Since we’ve got trimmed input fastq files and a prepped genome, it’s time to start the alignment. This is the slow step, but the files aren’t super huge/there arenlt a ton, so hopefully this will only take a few days.
setwd("~/Documents/C-virginica-BSSeq/")
bsmap.genome <- "~/Documents/C-virginica-BSSeq/genome/C_virginica_1.0_genome.fasta"
trimmed.input.files <- list.files(pattern = "trimmed*")[2:7]
trimmed.input.files
[1] "trimmed-2112_lane1_ACAGTG_L001_R1.fastq" "trimmed-2112_lane1_ATCACG_R1.fastq"
[3] "trimmed-2112_lane1_CAGATC_R1.fastq" "trimmed-2112_lane1_GCCAAT_L001_R1.fastq"
[5] "trimmed-2112_lane1_TGACCA_L001_R1_001.fastq" "trimmed-2112_lane1_TTAGGC_L001_R1.fastq"
for(i in 1:length(trimmed.input.files)) {
system(paste0("bsmap -p 8 -d ", bsmap.genome ," -a ", trimmed.input.files[i]," -o ", substr(trimmed.input.files[i], 1, 24), "_bsmap_out.sam", " > ", substr(trimmed.input.files[i], 1, 24), "_bsmap_output.txt" ))
}
[bsmap] @Fri Apr 28 08:55:18 2017 loading reference file: /home/srlab/Documents/C-virginica-BSSeq/genome/C_virginica_1.0_genome.fasta (format: FASTA)

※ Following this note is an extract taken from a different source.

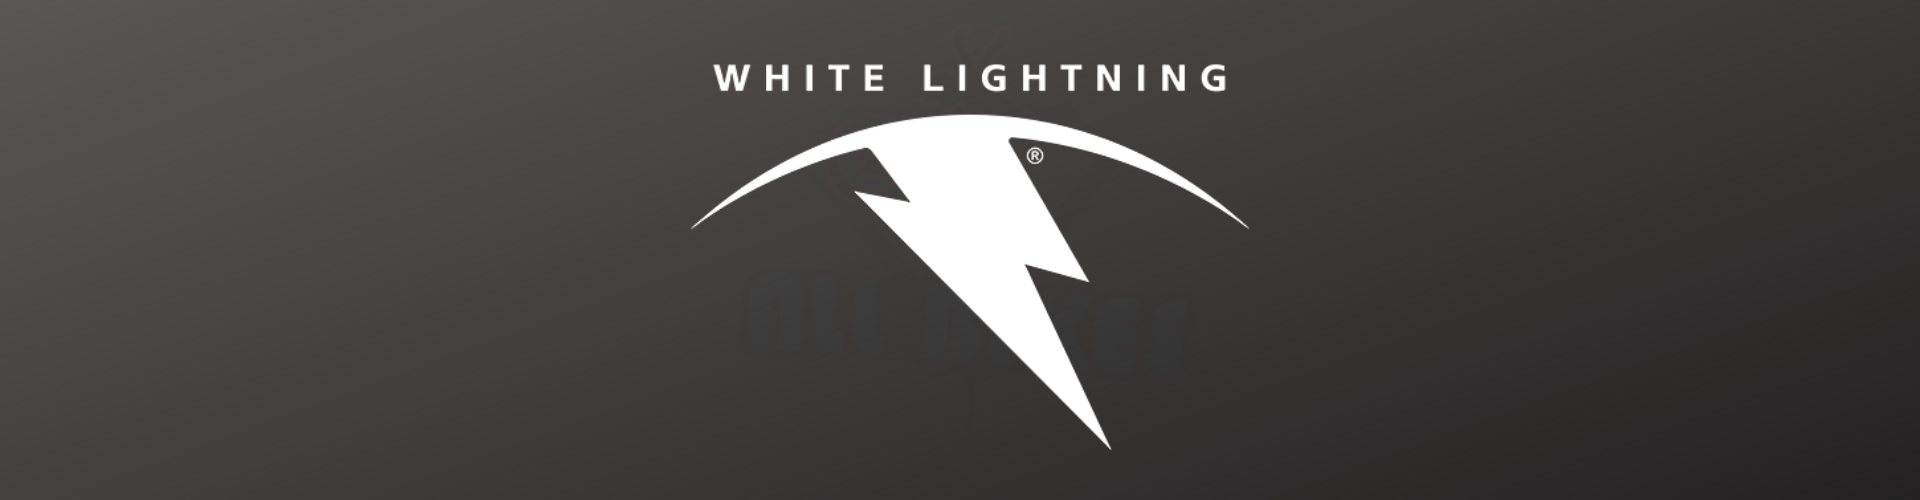 White Lightning Brand Category

[bsmap] @Fri Apr 28 08:55:25 2017 358 reference seqs loaded, total size 685793667 bp. 7 secs passed
[bsmap] @Fri Apr 28 08:55:50 2017 create seed table. 32 secs passed
[bsmap] @Fri Apr 28 08:55:50 2017 Single-end alignment(8 threads),
Input read file: trimmed-2112_lane1_ACAGTG_L001_R1.fastq (format: FASTQ)
Output file: trimmed-2112_lane1_ACAGT_bsmap_out.sam (format: SAM)
[bsmap] @Fri Apr 28 09:02:47 2017 total reads: 12260444 total time: 449 secs
aligned reads: 3080002 (25.1%), unique reads: 1660724 (13.5%), non-unique reads: 1419278 (11.6%)
[bsmap] @Fri Apr 28 09:02:47 2017 loading reference file: /home/srlab/Documents/C-virginica-BSSeq/genome/C_virginica_1.0_genome.fasta (format: FASTA)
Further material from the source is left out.